The key image of the film is a car speeding through the night, two men driving, Shannon and Joel Edgerton. In the backseat, a little boy is wearing dark goggles and reading a comic by flashlight. We don't know who he is or where they are going, but we are hooked.

Little by little, the story is revealed. The boy and his father, Shannon, belonged to a Christian cult who considered him a prophet or savior. Shannon and his friend Edgerton took him on the lam, to get to a location at a time for reasons that we do not know. But we do know that the cult and the government are chasing them - government scientist Adam Driver for one. Also, Shannon is ready to kill, even kill state police, to make it to the rendezvous.

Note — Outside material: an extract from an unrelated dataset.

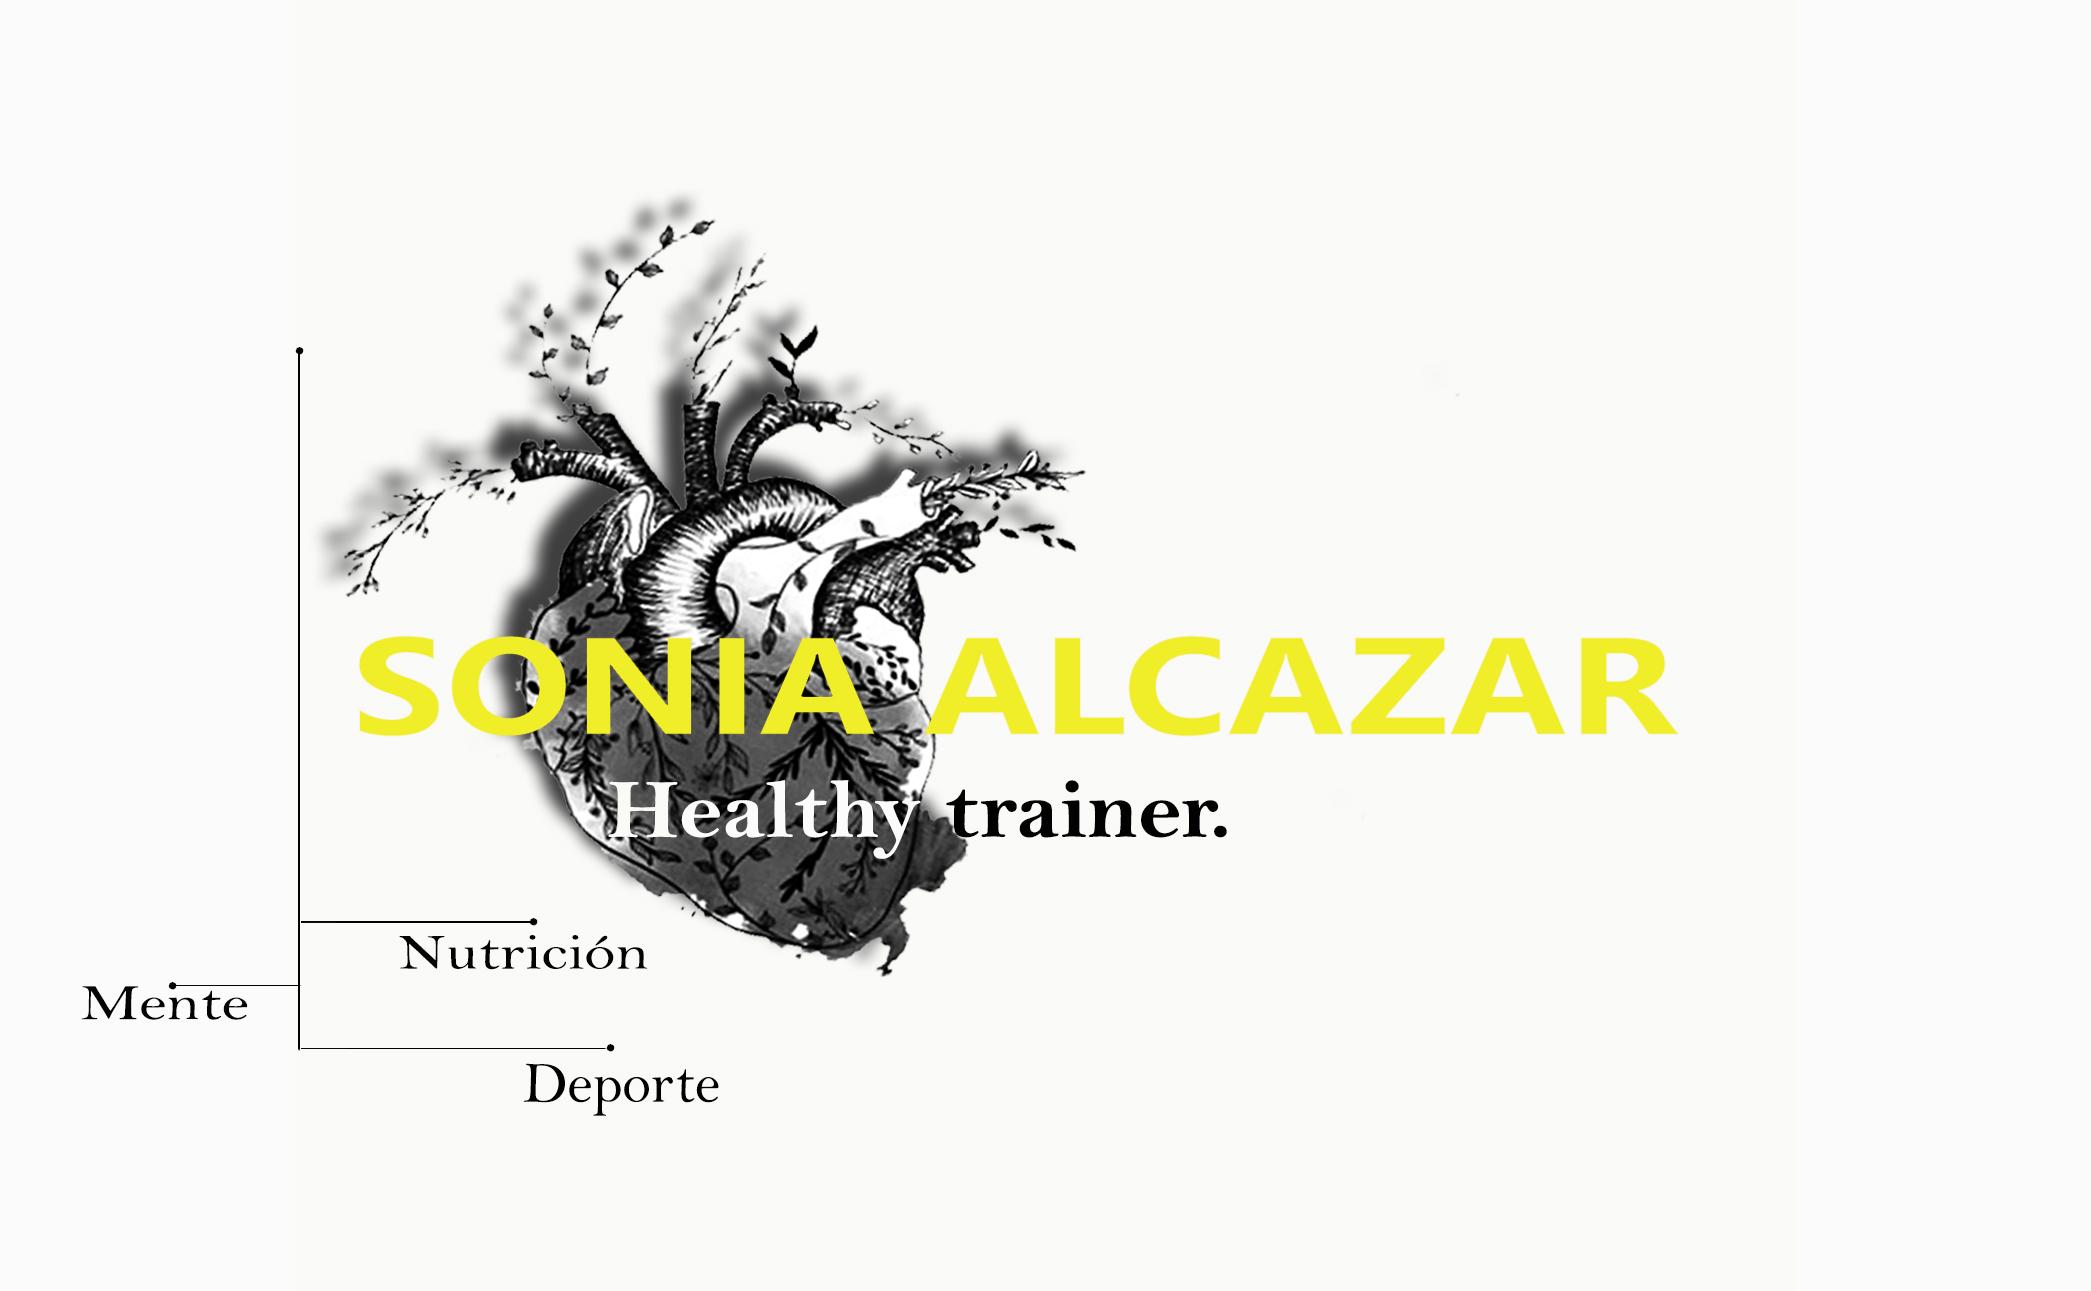 healthy trainer y nutricion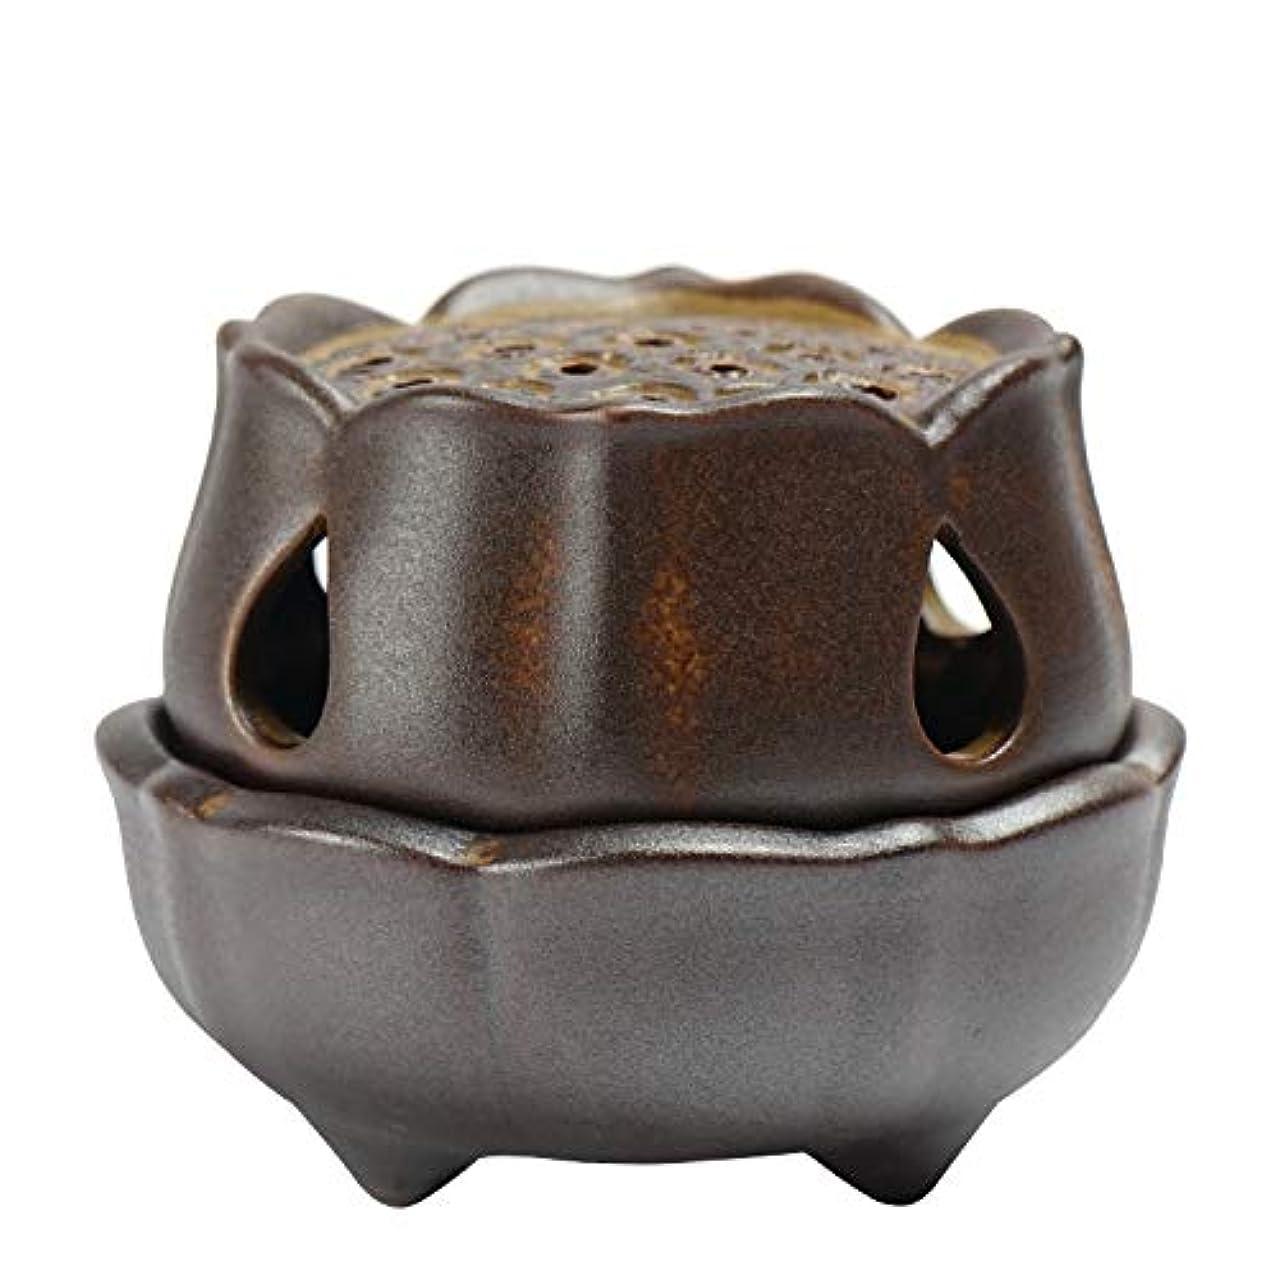 行商人したいトレイル仏の香のアロマセラピー炉9.5 * 8 * 7.3cmのための滝の背部香の棒家族の芳香バーナーの還流の蝋燭の棒の陶磁器

Are these guys crazy? Is this a child abduction metaphor? Well, they stop to pick up the boy's mother, Kirsten Dunst, so that's not what's going on. I guess I'd have to say it's about the same thing as Take Shelter: Ordinary fucking people in situations that push them to their limits, situations that they and we can't understand.

I'm not sure the whole thing holds together, partly because of the elliptical approach to the story. There is an ending, and things do get explained, but I'm not sure I'm completely satisfied. But the art direction of the finale is lovely and makes me wish it was more of the movie. But then it might have turned out like Tomorrowland.